Die VAR-Technologie wurde erstmals bei der WM 2018 in Russland eingeführt. Bei der WM 2022 in Katar kam es zu einem Upgrade mit der halbautomatischen Abseitserkennung (SAOT). Bei diesem Turnier wurde SAOT weiter verbessert: Die Auslöseschwelle für die Abseitswarnung wurde von 50 cm auf 10 cm verschärft, und die Entscheidung konnte innerhalb von 3 Sekunden an die Schiedsrichter auf dem Feld übermittelt werden. Das System erfasste mithilfe mehrerer spezieller Tracking-Kameras in Echtzeit die Skelettpunkte der Spieler. In Kombination mit einem vor dem Turnier erstellten 3D-Digitalzwillingsmodell und der hochpräzisen Bewegungssensorik des Spielballs ermöglichte es einen Echtzeiteingriff bei Abseitsentscheidungen. Wenn das KI-System ein klares Abseits feststellte, sandte es eine Echtzeitwarnung an den Schiedsrichterassistenten, der die Fahne heben konnte, ohne den Abschluss des Angriffs abzuwarten. Gleichzeitig wurde automatisch eine 3D-Abseitsanimation erstellt und an den VAR-Raum, die Stadionleinwand und die Übertragungsbilder gesendet. Dieses System diente ausschließlich der objektiven Abseitsfeststellung und nicht subjektiven Entscheidungen wie der Behinderung eines Gegners; die endgültige Entscheidungsbefugnis verblieb beim Schiedsrichterassistenten.

Bei dieser WM wurden die Überprüfungsbefugnisse des VAR für Eckbälle und die zweite Gelbe Karte erweitert. Li Haipeng ist der Ansicht, dass die Technologie dem Spiel dienen sollte. Der Kern liege darin, ein Gleichgewicht zwischen der Genauigkeit der Entscheidungen und der Bewahrung des Reizes des Fußballs zu finden. Er wies darauf hin, dass der Einsatz neuer Technologien im Fußball ein Gleichgewicht auf institutioneller und regeltechnischer Ebene erfordere. Dazu gehörten eine höhere Toleranz gegenüber körperlichen Zweikämpfen der Spieler, die strikte Einhaltung der Eingriffsschwelle der Technologie (VAR wird nur bei „klaren und offensichtlichen Fehlern" aktiviert) sowie die dynamische Anpassung der Überprüfungsbefugnisse basierend auf praktischen Rückmeldungen. Er schlug außerdem vor, einen Trainer-Herausforderungsmechanismus zu erkunden, der es Trainern erlaubt, pro Spiel eine begrenzte Anzahl von Überprüfungen strittiger Entscheidungen zu beantragen und so einen Teil der VAR-Auslösung an die Spielteilnehmer zurückzugeben.
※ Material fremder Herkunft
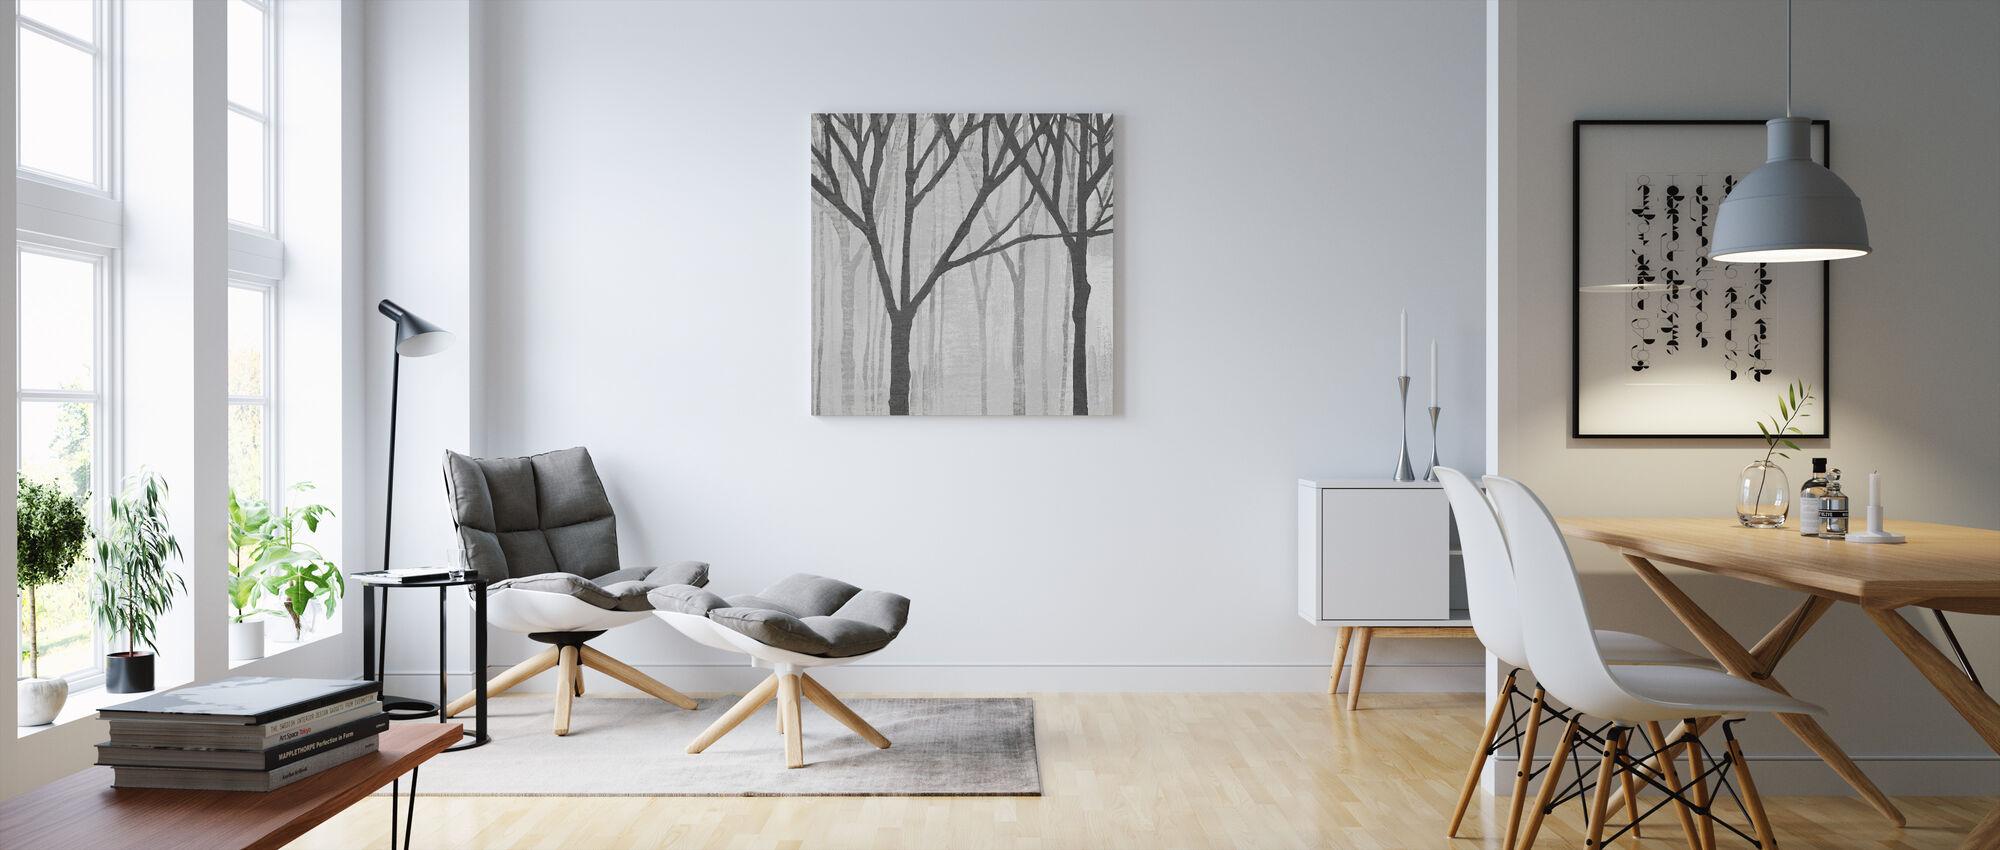 Kevät puut Greystone III - Canvastaulu - Olohuone

Li Haipeng erklärte, dass der Eingriffsgrad des VAR in Zukunft je nach den Rhythmusanforderungen verschiedener Turniere flexibel angepasst werden sollte, damit die Technologie dem Spiel selbst besser dienen könne. Bislang haben die drei Mannschaften Kroatien, Ägypten und Iran offiziell Beschwerde bei der FIFA eingereicht, die sich auf Entscheidungskontroversen aufgrund übermäßiger VAR-Eingriffe beziehen.